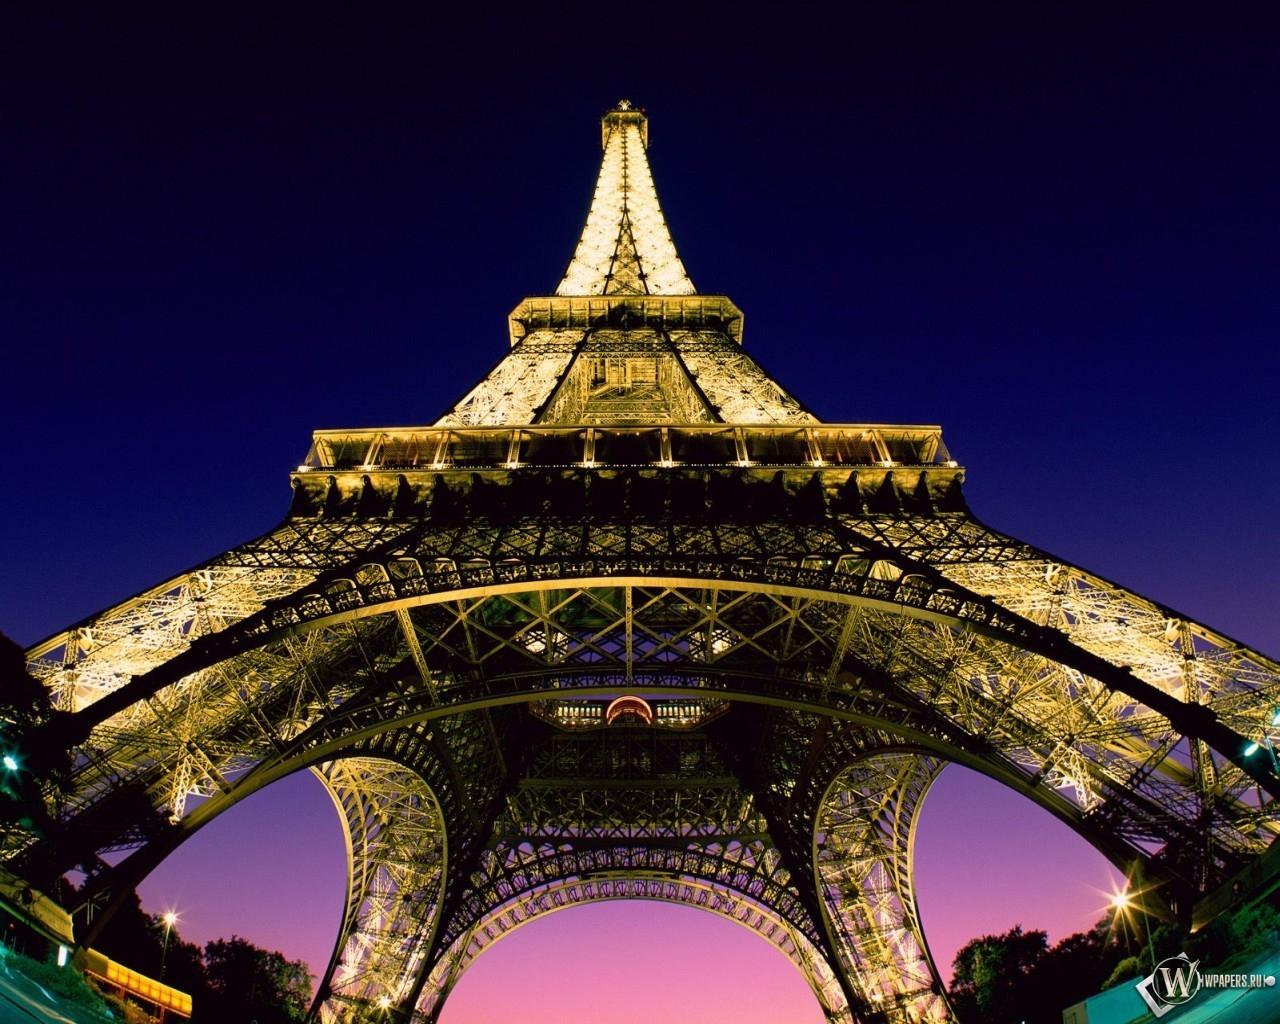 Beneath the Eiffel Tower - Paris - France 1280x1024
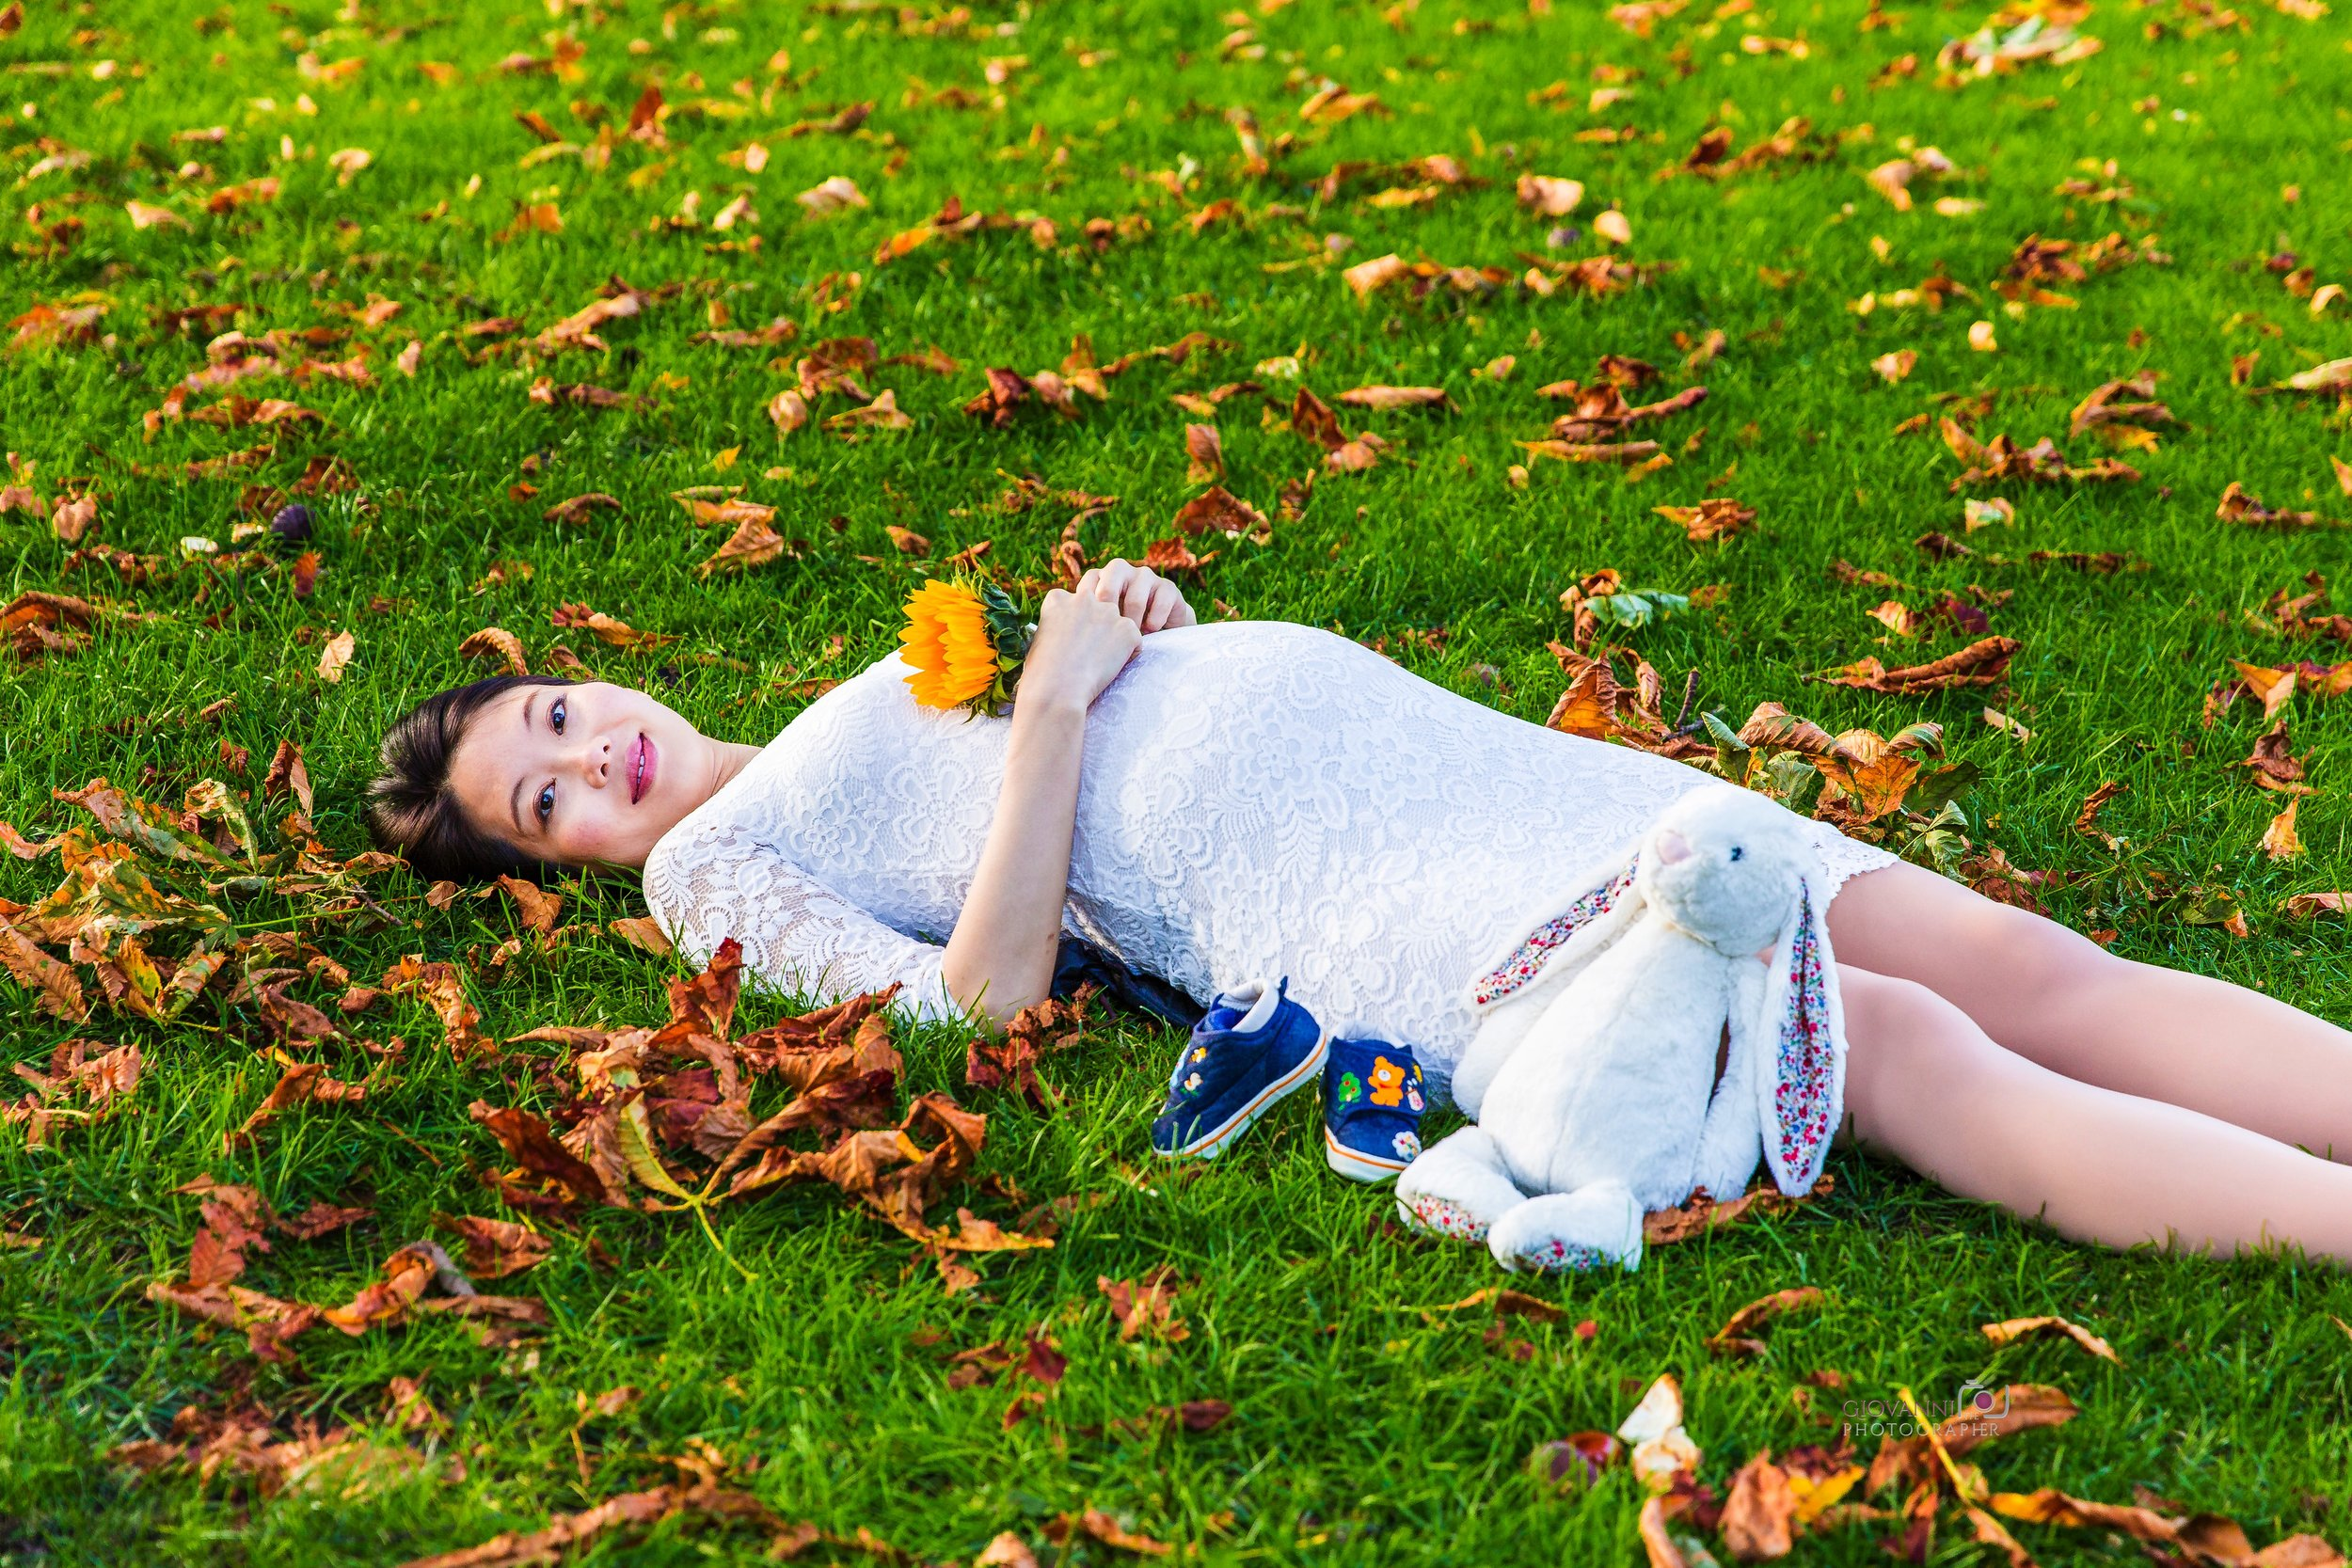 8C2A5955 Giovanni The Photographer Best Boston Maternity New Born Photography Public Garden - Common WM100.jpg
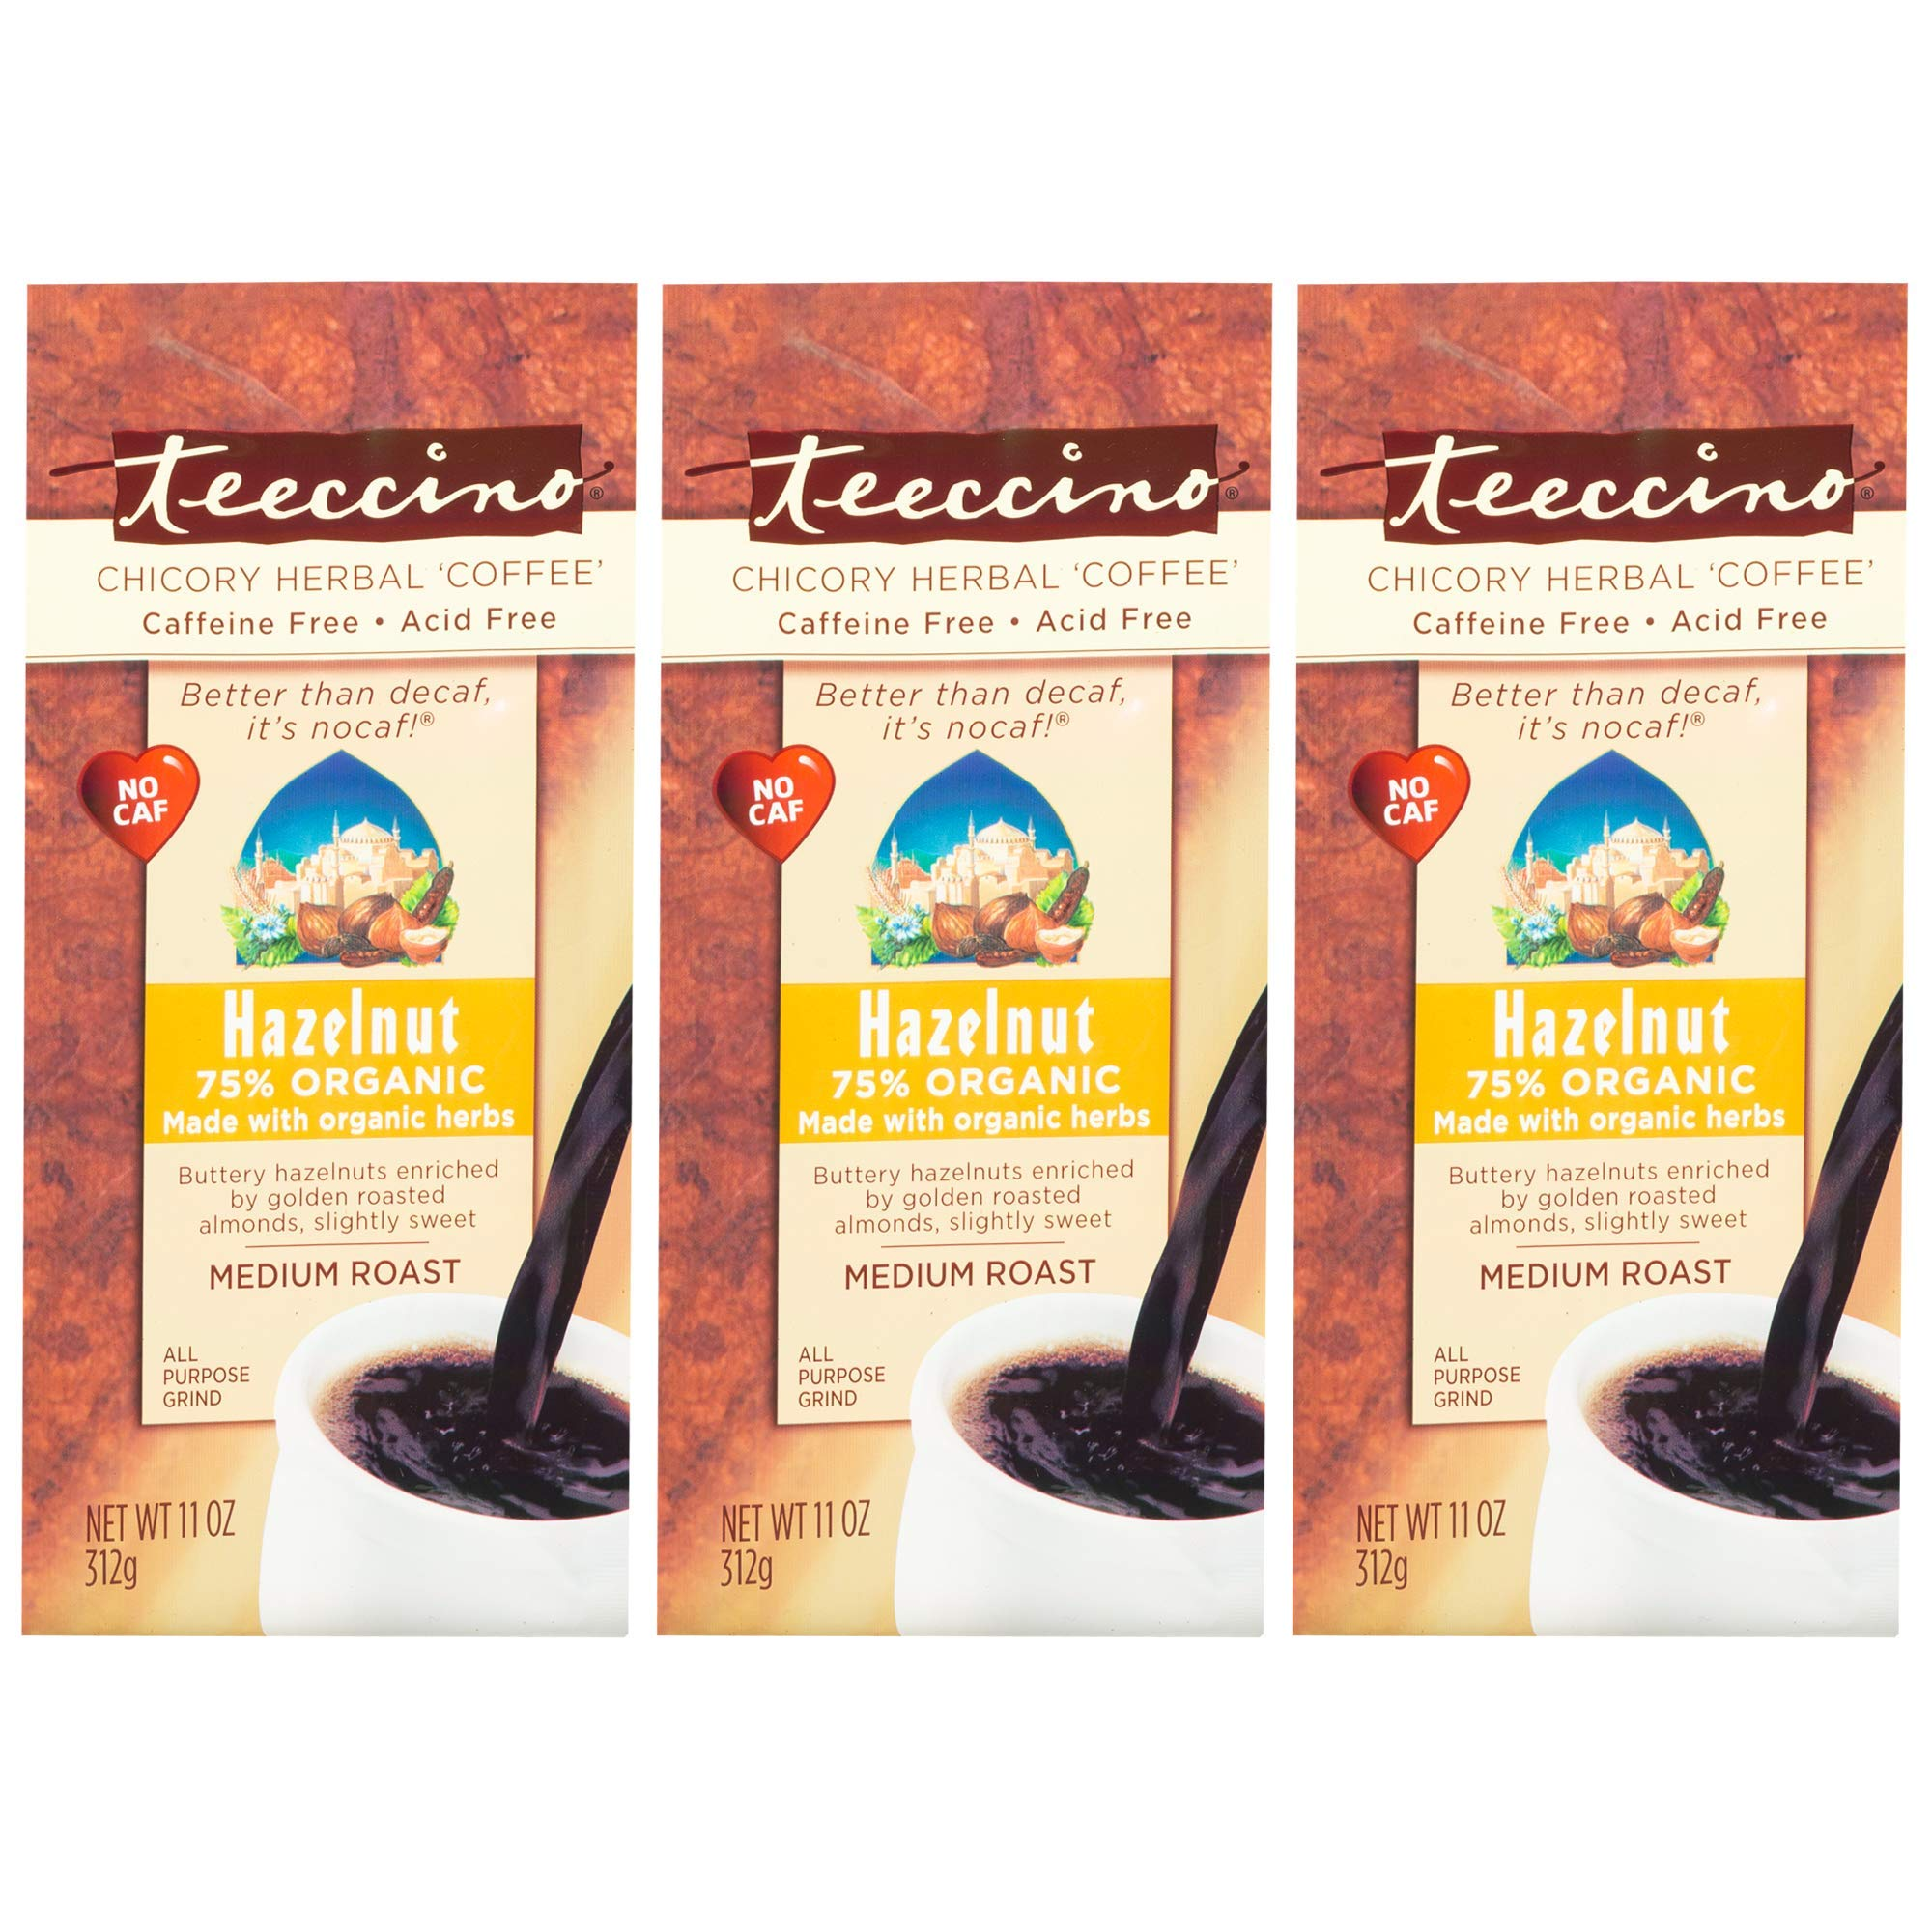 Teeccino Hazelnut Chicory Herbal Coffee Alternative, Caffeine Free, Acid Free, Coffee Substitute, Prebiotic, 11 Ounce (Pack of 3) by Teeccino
********
### Task requirements
Nothing but the pictures may be dropped; restate the material word for word.

### Result of the task
 Beneath the Eiffel Tower - Paris - France 1280x1024
 8C2A5955 Giovanni The Photographer Best Boston Maternity New Born Photography Public Garden - Common WM100.jpg
 Teeccino Hazelnut Chicory Herbal Coffee Alternative, Caffeine Free, Acid Free, Coffee Substitute, Prebiotic, 11 Ounce (Pack of 3) by Teeccino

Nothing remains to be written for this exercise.